Obama never kept his word on warrantless wiretaps
Literally less than 72 hours after being sworn in in January 2009, Barack Obama was in federal court arguing he had the right to spy on us.
Did you know that?
Perhaps you did and you forgot. Seemed a worthwhile thing to bring up in light of all we’ve learned these last several years. And in case anyone hasn’t read it recently, let’s refresh our memories on what we’ve lost:
The Fourth Amendment to the Constitution of the United States of America:
The right of the people to be secure in their persons, houses, papers, and effects, against unreasonable searches and seizures, shall not be violated, and no Warrants shall issue, but upon probable cause, supported by Oath or affirmation, and particularly describing the place to be searched, and the persons or things to be seized.
But back to the matter at hand: In January 2008, and throughout his entire presidential campaign, then-Sen. Barack Obama was objectively consistent: “Wiretaps without warrants” = bad.
“...Under an Obama presidency, Americans will be able to leave behind the era of George W. Bush, Dick Cheney and ‘wiretaps without warrants.’"
He could not have been more clear, nor could the headline from CNET:
“Obama: No Warrantless Wiretaps if You Elect Me”
If you recall, there was quite the brouhaha about library book privacy. Remember? We were so innocent back then … just 16 years ago. Obama campaigned on it. Privacy matters. Your ability to be secure in your “papers” mattered, intoned the “Constitutional law” “professor.” Month after month after month ...
Until he was sworn in on Jan. 20, 2009.
Then, like a sore on your privates after a one night stand, it appeared; on the morning of Jan. 23, 2009, Obama’s freshly-minted DOJ was in federal court saying the exact opposite. “Wiretaps without warrants” = GOOD. Gotta love the Wired headline: Obama Sides with Bush in Spy Case. Literally less than 72 hours after having his hand on the Bible.
“...Weighing [in on] whether a U.S. president may bypass Congress and establish a program of eavesdropping on Americans without warrants... the Obama administration... ask[ed] the courts to rule on [its] constitutionality…”

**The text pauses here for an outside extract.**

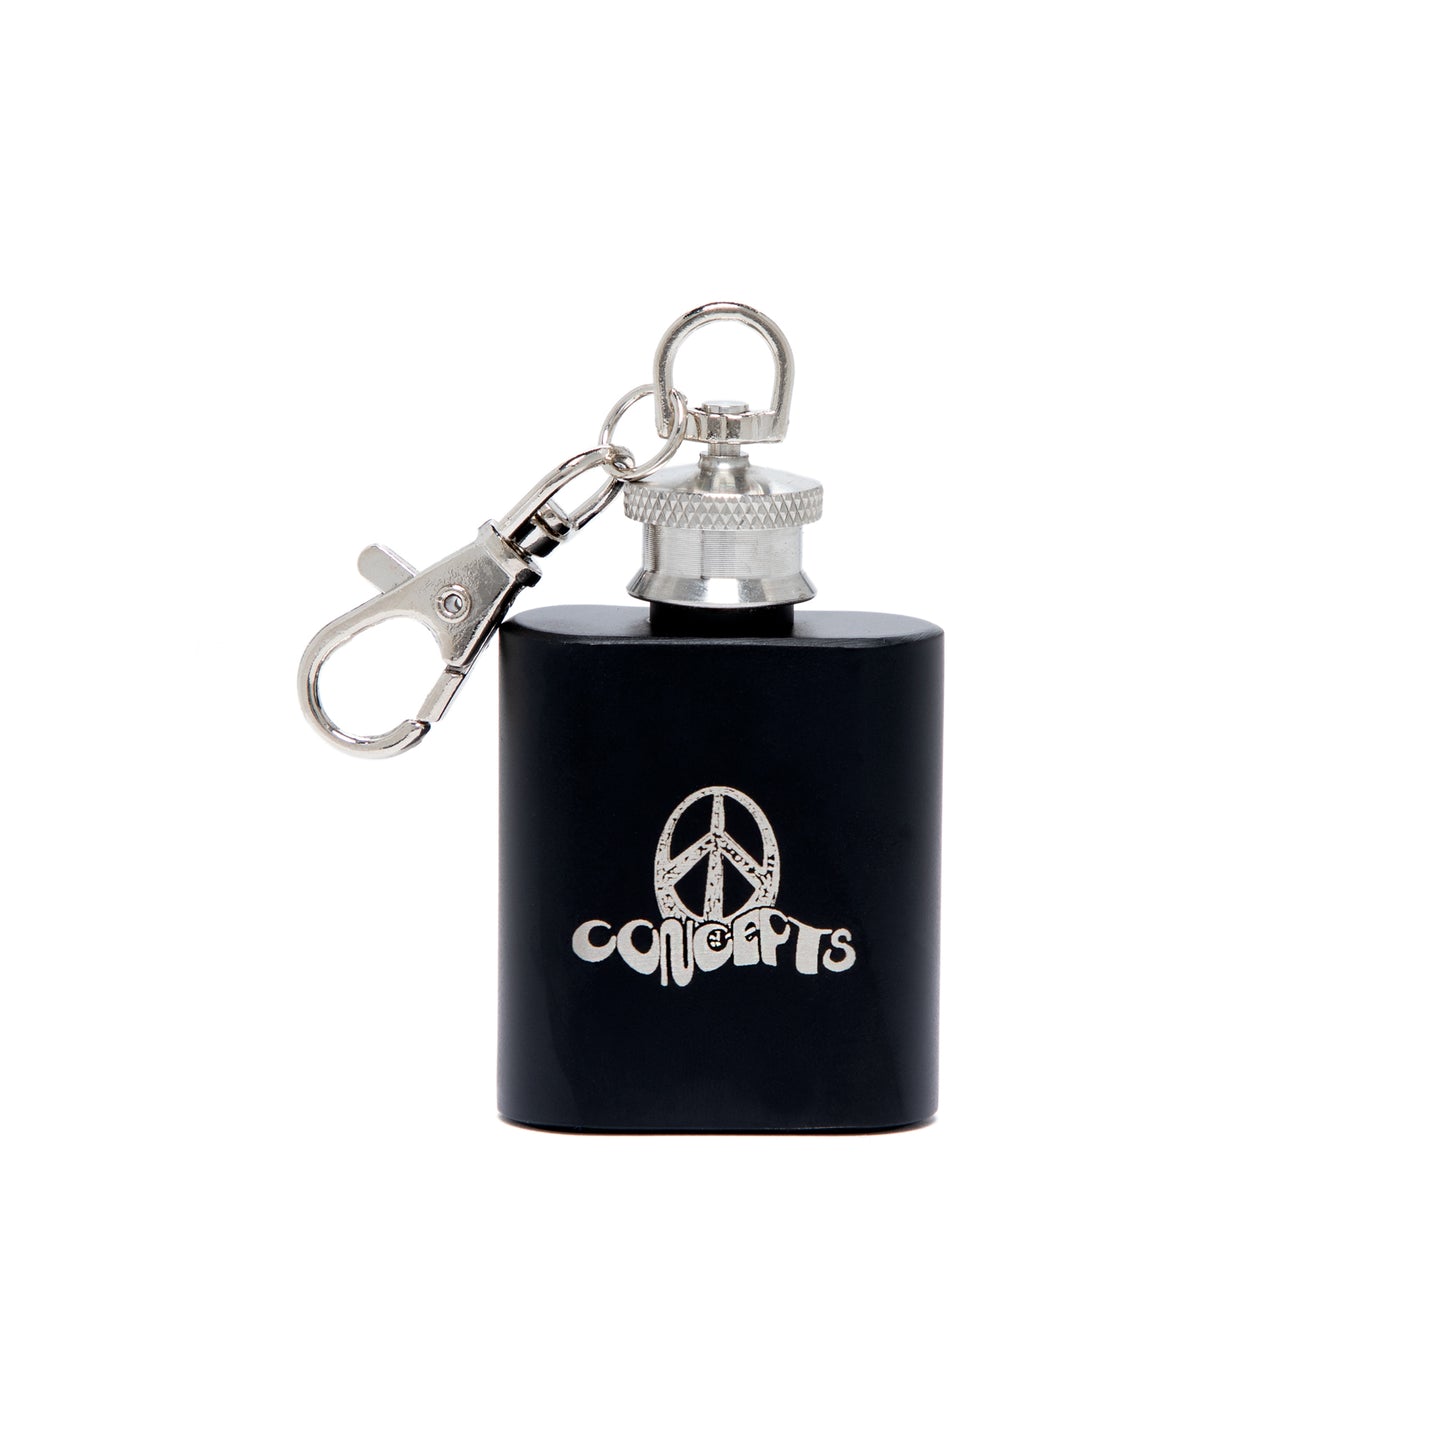 Concepts Mini Flask Key Chain (Black)
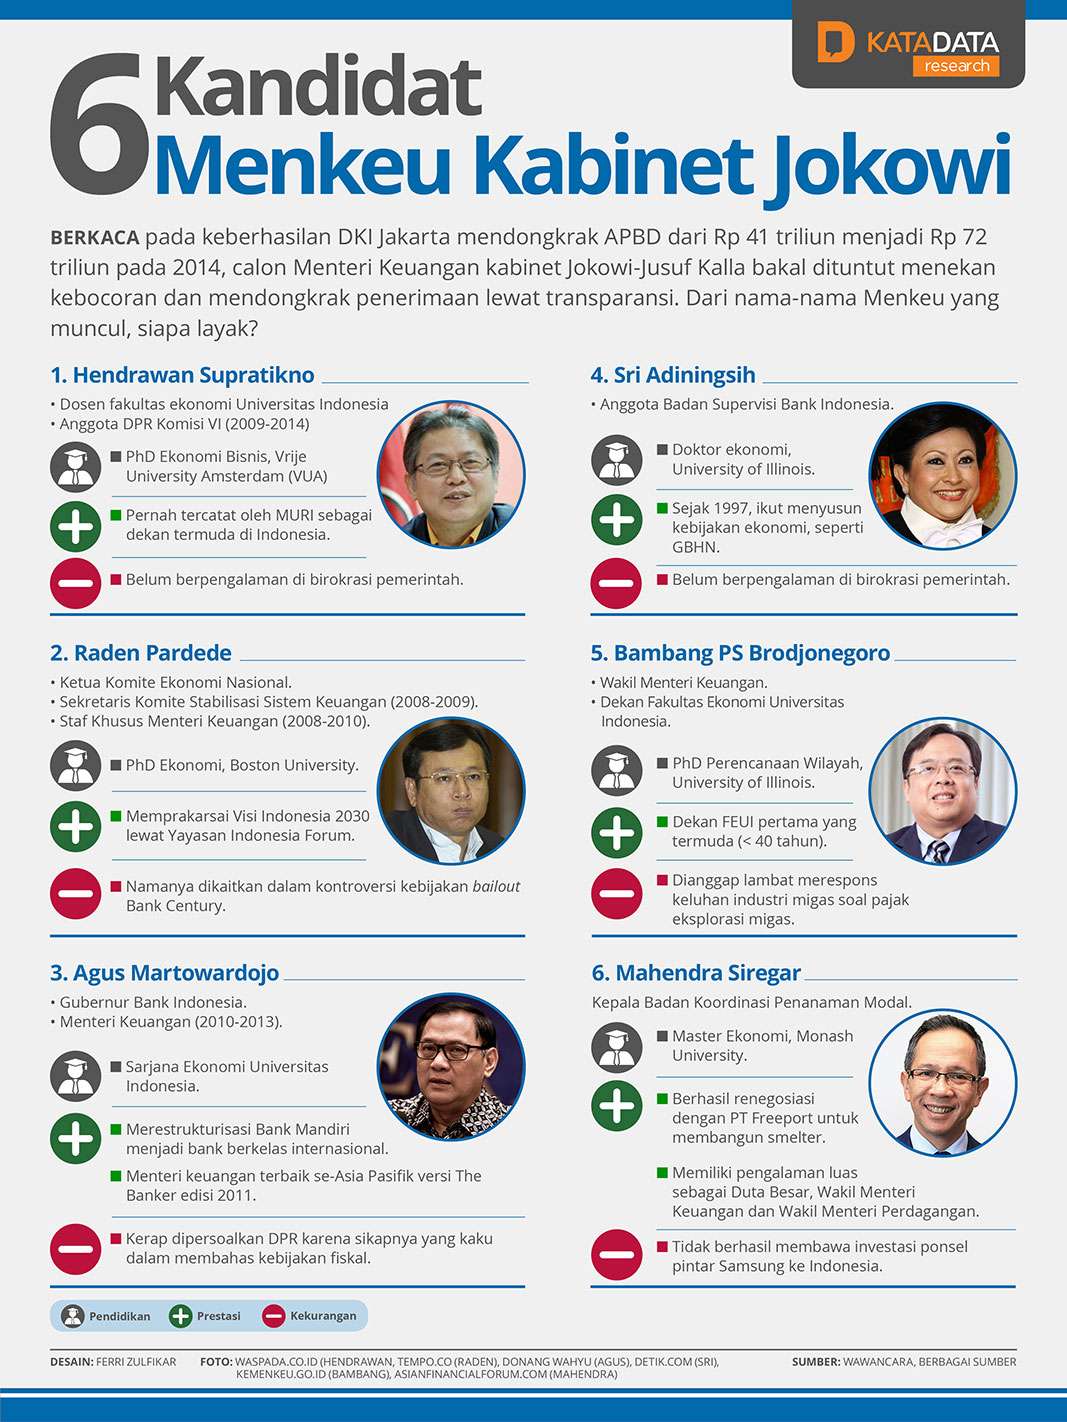 Enam Kandidat Menteri Keuangan Joko Widodo

Obama was sworn in at noon on January 20. The brief was filed at 10:30 a.m. on January 23. Half of D.C. was still hung over from all the inauguration parties at that point. (The other half was still drunk.) And the entire media, ideologically drunk on The One being “immaculated" (h/t Rush Limbaugh, R.I.P.) in the White House, just breezed right by it, their cognitive dissonance combined with being pickled was just too much.
But then a remarkable thing happened on the way to the O’Promised Land … it got worse. Much, much worse.
As Sundance at The Conservative Treehouse has rightly observed on many occasions, the George W. Bush presidency formalized the spying-on-us-all architecture post 9/11 with the Patriot Act, but it was the Barack H. Obama presidency which injected and animated the progressive virus to weaponize it against the regime’s enemies … and the viral particles, like viral particles do, have mutated and multiplied. They say “personnel is policy”? Well, Obama planted thousands of his ideological allies throughout every agency then made them nearly impossible to fire, and the Biden regime is, even as we speak, installing mechanisms to make them even more impervious to dismissal should, God forbid (to them!), Trump win this November’s election.
If there’s anything we’ve learned from these people, it’s that they never sleep. Progressivism is ideological herpes: once you get it, you can never get rid of it. Oh, you can treat the symptoms of it, hope for fewer outbreaks, but outright kill it? Oh no, it never dies. It remains, waiting…
Should this November’s election turn out to be “too big to rig” (as Trump is fond of saying), we can only hope his DOJ is in federal court just as expeditiously in January 2025 to begin to suffocate that federal virus as much as humanly possible. Our nation’s health, our Liberty, depends on it.